Antonin Scalia's North Carolina Bar Association Address Questions 'The Sanity' Of Having 'Moralist' Judges

Scalia Hurls 'Moralist' Criticism

Supreme Court Justice Antonin Scalia used a Friday speech to question judges for making morality-laced decisions.

The Asheville (N.C.) Citizen-Times reports that Scalia's North Carolina Bar Association address was called "Mullahs of the West: Judges as Moral Arbiters." He expressed his view that society has grown to place moralism ahead of expertise.

"In the United States, and indeed throughout the world, belief in the expert has been replaced by the judge moralist," Scalia said. "We have become addicted to abstract moralizing. I am questioning the sanity of having value-laden judgments made by judges."

Scalia's Friday concerns paralleled his January frustrations about the Constitution being classified as a living document.
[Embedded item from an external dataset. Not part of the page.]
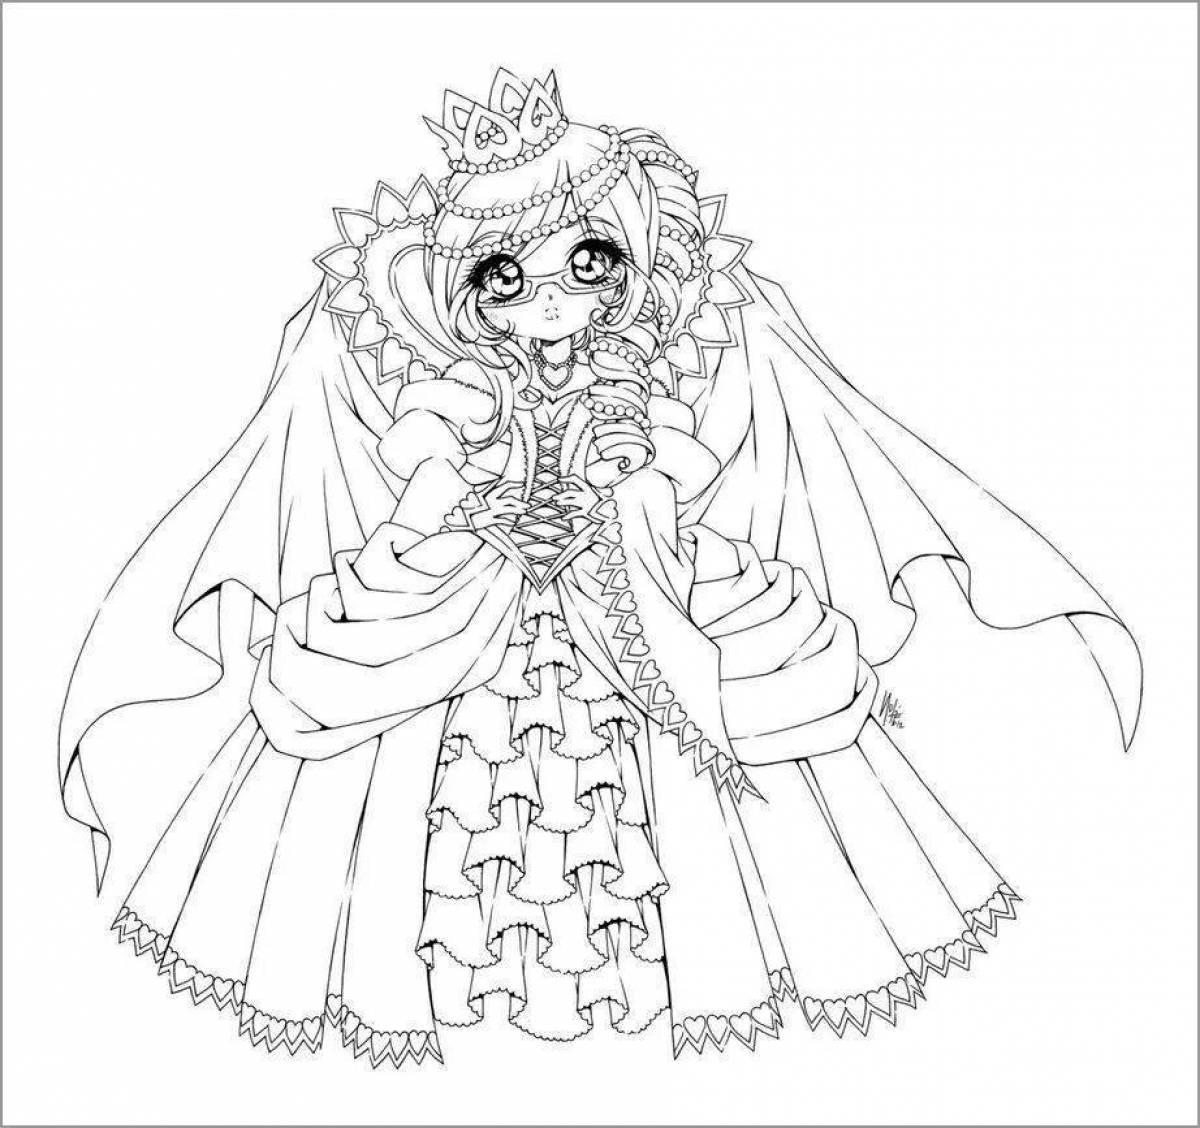 Awesome anime princess coloring book

He advocates for laws of the land as the strongest guides to how to interpret changing circumstances.

“It’s not a living document," he said at a Southern Methodist University appearance, according to the Dallas Morning News. "It’s dead, dead, dead."

Scalia has served on the Supreme Court since September 1986, making him the longest-serving current member. His talk comes in the midst of possible Supreme Court decisions on voting rights, affirmative action and gay marriage in the coming days. Recess typically begins at the end of June, but the court can choose to add more dates.